The following data is captured from this fiddle: https://dotnetfiddle.net/QRPRSu
Mean Execution Time (ms) | 1 | 10 | 100 | 1000 | 10000 |
---|---|---|---|---|---|
Arrays | 0.0088 | 0.0036 | 0.003464 | 0.0034006 | 0.00300586 |
ConcatenatedString | 0.0024 | 0.00256 | 0.002541 | 0.0024637 | 0.00230981 |
FormattedString | 0.0029 | 0.00309 | 0.00308 | 0.0030005 | 0.00288773 |
LinqExcept | 0.0036 | 0.00442 | 0.004649 | 0.0050969 | 0.00436625 |
LinqHashsetExcept | 0.0052 | 0.00605 | 0.006088 | 0.0061603 | 0.00599868 |
RegexMatchIterator | 0.0216 | 0.02257 | 0.058507 | 0.022021 | 0.02383395 |
RegexMatchAllPattern | 0.0879 | 0.08973 | 0.087446 | 0.0904722 | 0.08860092 |
So I didn't expect this, but for the 100 iteration cycle there is a spike, presumably there is a <10:100 event that occurs which causes the execution time to spike, testing in the epochs less than or greater than 100 seem to smooth out this spike. Across all the iterations the values are still relative to each other but also very similar, enough that we don't need to try for a massive number of iterations with the same parameters to obtain consistent results.

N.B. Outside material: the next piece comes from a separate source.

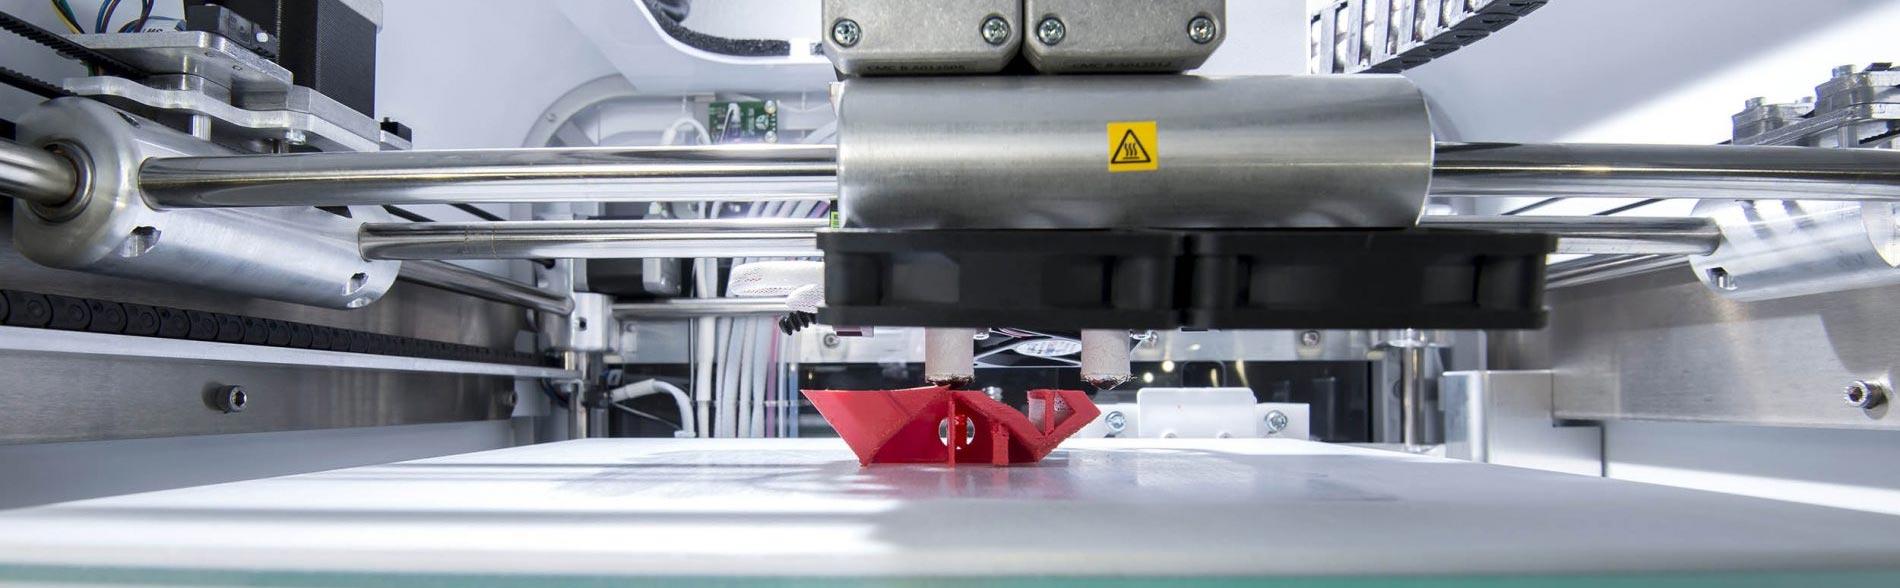 Impresora 3D Industrial
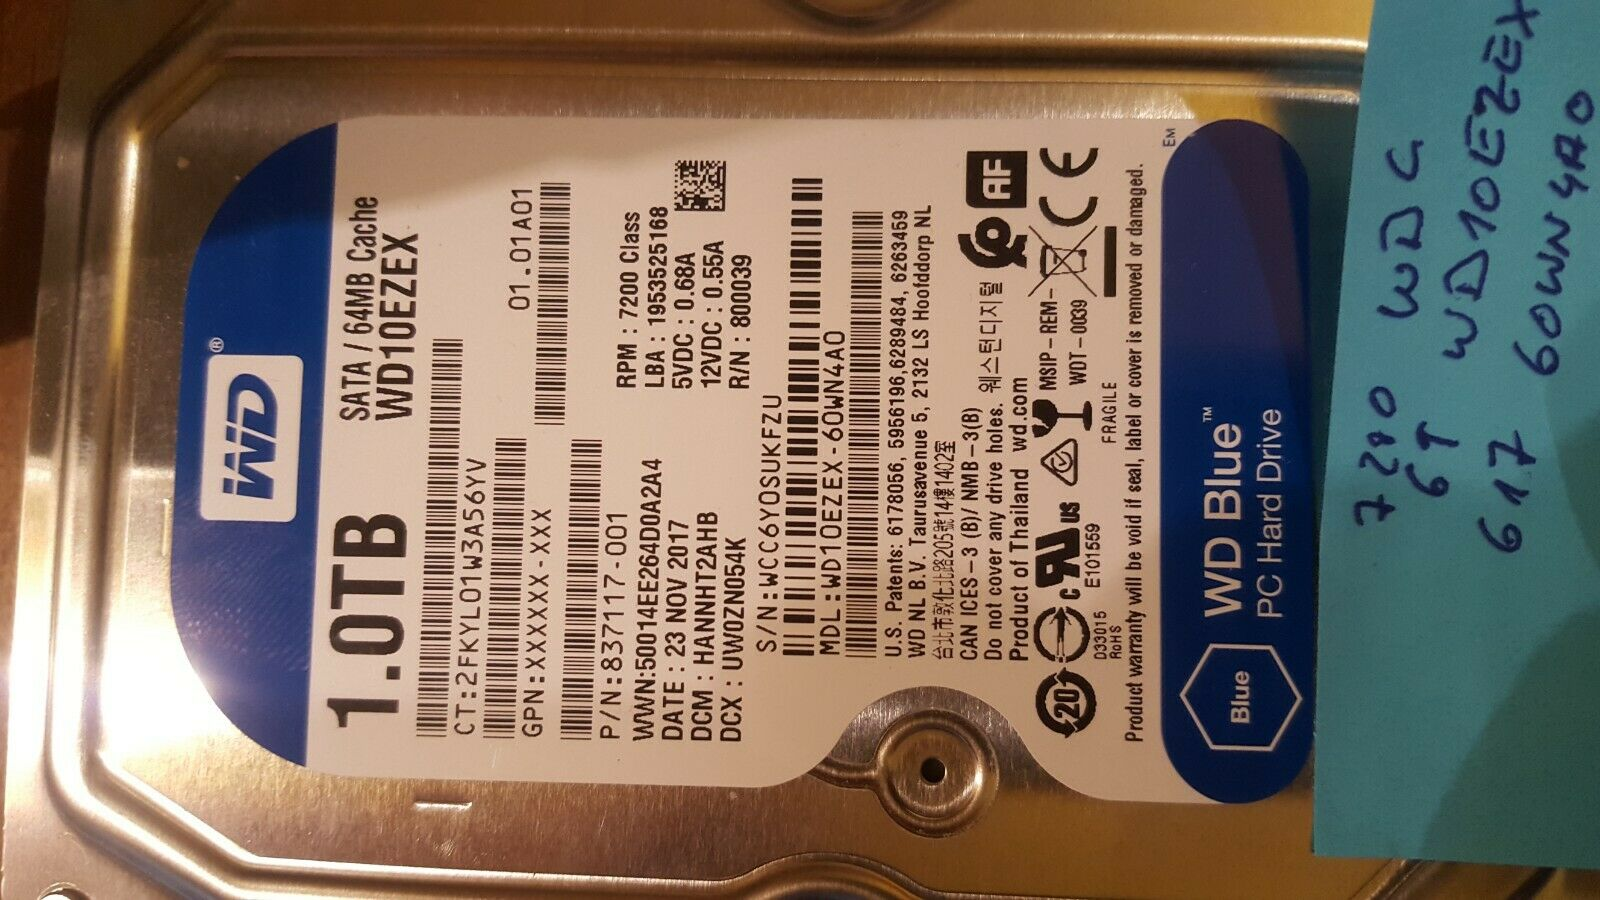 WD Blue  WD10EZEX 1.0TB  Festplatte HDD SATA 64MB Cache  7200RPM von 2017

On to the actual testing, this time using the new comparison strings:
string str1 = "021A,775U,000A,021A,1U2,206B,240,249,255B,260,263B,280,294,2U1,306B,336B,345,427,440,442,474,477,4U4,500508,523,543L,580,584,772,802,P55,VB" ;
string str2 = "772+240+802+P55+263B+1U2+VB";
string str3 = "772+240+802+P55+263B+508+VB"; // false
string str4 = "200B+201B+202+202B+203B+204B+205+205B+206+206B+207+207B+208+208B+209+209B+210+210B+211B+214B+216B+460+494+498+830+379";//false
string str5 = "612+637+638+646+649+655+664+678+688+693+694+754+756+758+774+778+780+781+787+99R+B58+RQW+RRG+RTJ+RVI+RVJ+RVU+RVV";//false
string str6 = "255B+2U1+775U+336B+P55+802";//true
string str7 = "220+223+224+229+230+233+234+402+537+550+811+863+872+881+889+965+512L+516L+520L+521L+524L+526L+528L+581L+810L+812L+814L+816L+818L+830";//false
string str8 = "255B";//true
Run this fiddle: https://dotnetfiddle.net/sFqleR
Method | TestCases | Iterations | TotalTests | Overall | Milliseconds | ColdStart | Mean | StdDev | Variance |
---|---|---|---|---|---|---|---|---|---|
Arrays | 7 | 1000 | 7000 | 00:00:00.0255972 | 25.5972 | 0.8965 | 0.00356150000000027 | 0.0495346716008814 | 0.049538210170847 |
ConcatenatedString | 7 | 1000 | 7000 | 00:00:00.0152603 | 15.2603 | 0.1847 | 0.00208621428571429 | 0.00935358891914583 | 0.00935425710423217 |
FormattedString | 7 | 1000 | 7000 | 00:00:00.0161606 | 16.1606 | 0.2099 | 0.00220965714285706 | 0.0040865872450029 | 0.00408687917537046 |
LinqExcept | 7 | 1000 | 7000 | 00:00:00.0308686 | 30.8686 | 3.8193 | 0.00430554285714287 | 0.00879058428853723 | 0.00879121225469787 |
LinqHashsetExcept | 7 | 1000 | 7000 | 00:00:00.0433723 | 43.3723 | 2.821 | 0.00609560000000002 | 0.00892103745152035 | 0.00892167473676254 |
RegexMatchIterator | 7 | 1000 | 7000 | 00:00:00.0816964 | 81.6964 | 0.5562 | 0.0115590857142857 | 0.0318308417422667 | 0.0318331156174521 |
RegexMatchAllPattern | 7 | 1000 | 7000 | 00:00:07.0529764 | 7052.9764 | 1.0156 | 1.00735934285714 | 1.07445298146738 | 1.07452973633274 |
ConcatenatedString still wins, but not by much over a String.Format
approach.
String.Format
is the lowest, that indicates that it is the most consistent over the test cases.Now lets try a full outer join between the optional and required values for a bit of variation. Then for fun lets reverse the strings and randomise the values to account for any bias in the sequence of the strings.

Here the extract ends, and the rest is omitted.